The NYT’s Roger Cohen stirs himself to call President Obama’s approach to Europe, Russia — the world, really — “anemic.” And he’s right as far as it goes. At the moment I’m writing this, U.S. intelligence sees thousands of Russian troops with armor massing on that country’s border with Ukraine, which Russia has already invaded. Yet Obama, as Cohen notes, is offering “a jejune collection of nostrums about binding values of free-market Western societies and their appeal to the hearts (and pocketbooks) of people throughout the world, not least Ukrainians.”
What Obama is saying includes grains of truth, but he lacks the punch of those 80,000-odd Russian troops in battle gear ready to roll. They’ll roll forward, while America’s military and NATO’s militaries roll into retirement.
But for all Cohen’s effort to criticize Obama, let’s hack our way through this thicket in the middle of his column.
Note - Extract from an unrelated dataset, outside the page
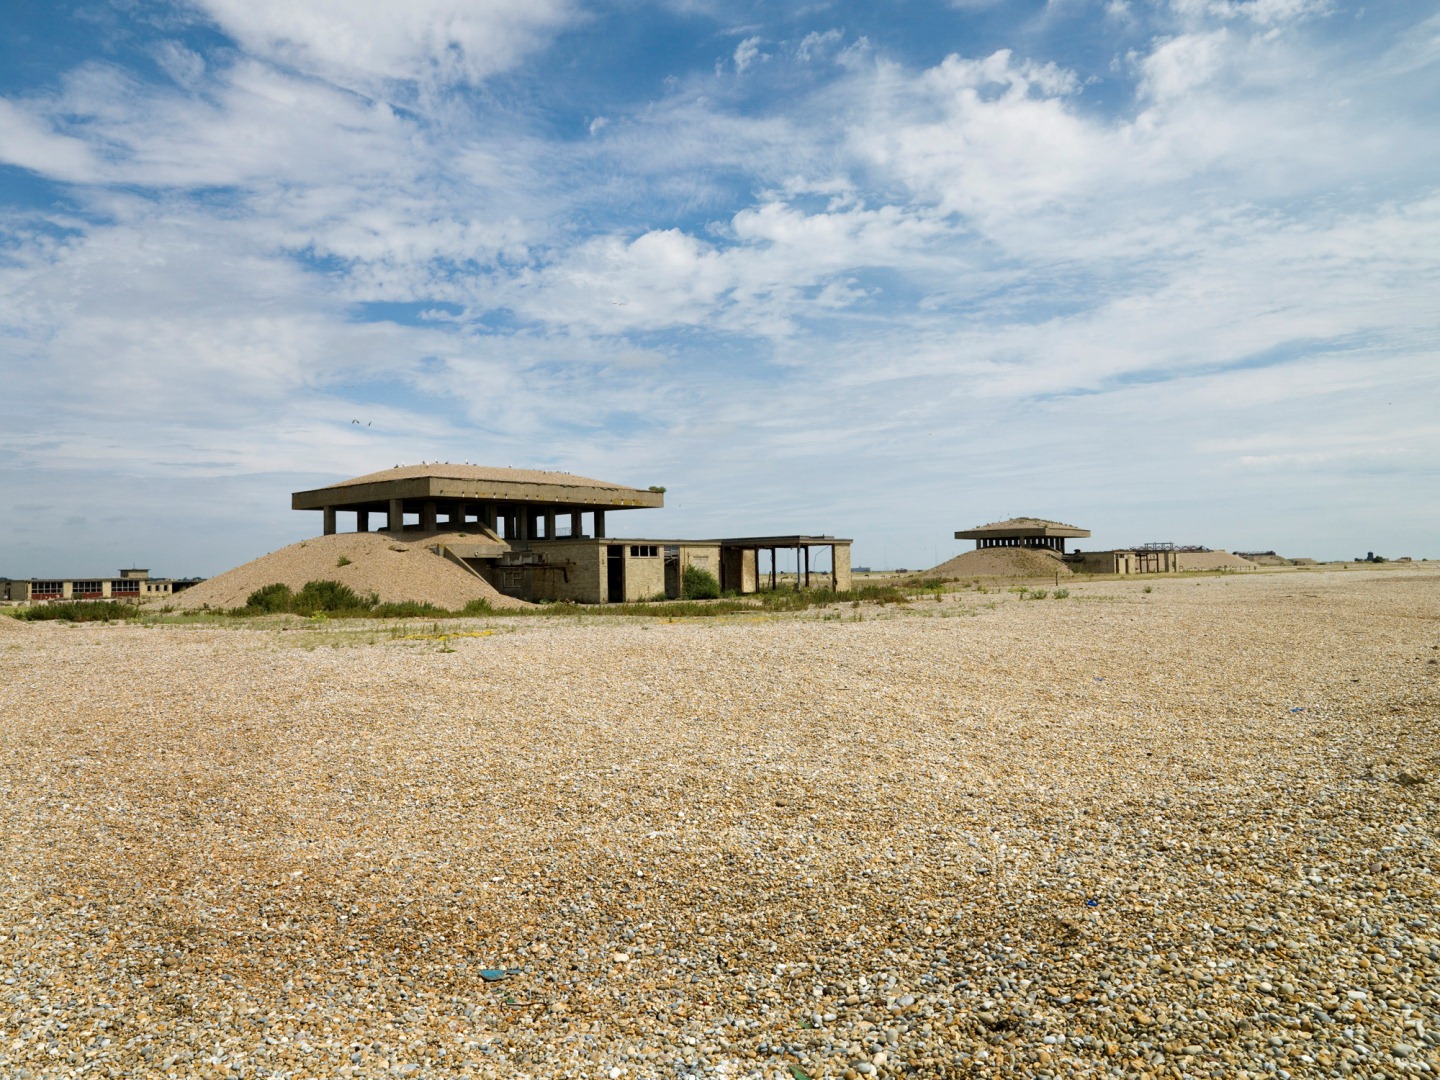 Atomic Weapons Research Establishment, Orford Ness, Suffolk, two 1960s test structures, known as the Pagodas, in the event of an explosion their roofs were designed to smoother the explosion, scheduled.

The fact is the Western democracies he was exalting have been failing to deliver, and autocrats of the world, bare-chested Putin included, benefit indirectly from the resulting disenchantment.
True enough. Why?
It is not just the soaring unemployment in Europe (likely to prompt a surge by rightist anti-immigrant parties in European Parliament elections this year). It is not just the crisis (contained for now) of the euro and the unresolved issue of how the European integration needed to back the currency is to be achieved. It is not just the widespread disillusionment with a navel-gazing European Union seen as over-bureaucratic and under-democratic. It is not just the growing income disparities in both Europe and the United States, and the spreading middle-class dystopia, and the sense in democracies on both sides of the Atlantic that money has skewed fairness and electoral processes themselves. It is not just the sense that something has gone seriously wrong with a polarized American democracy where scorched-earth Republicans devote their politics to obstruction, and the government can grind to a halt as it did last year, and a C.E.O. can earn $80 million for a few weeks of work while incomes for most Americans are stagnant. It is not just the National Security Agency eavesdropping and data-vacuuming revelations. It’s not just the loss of a sense of possibility for many young people.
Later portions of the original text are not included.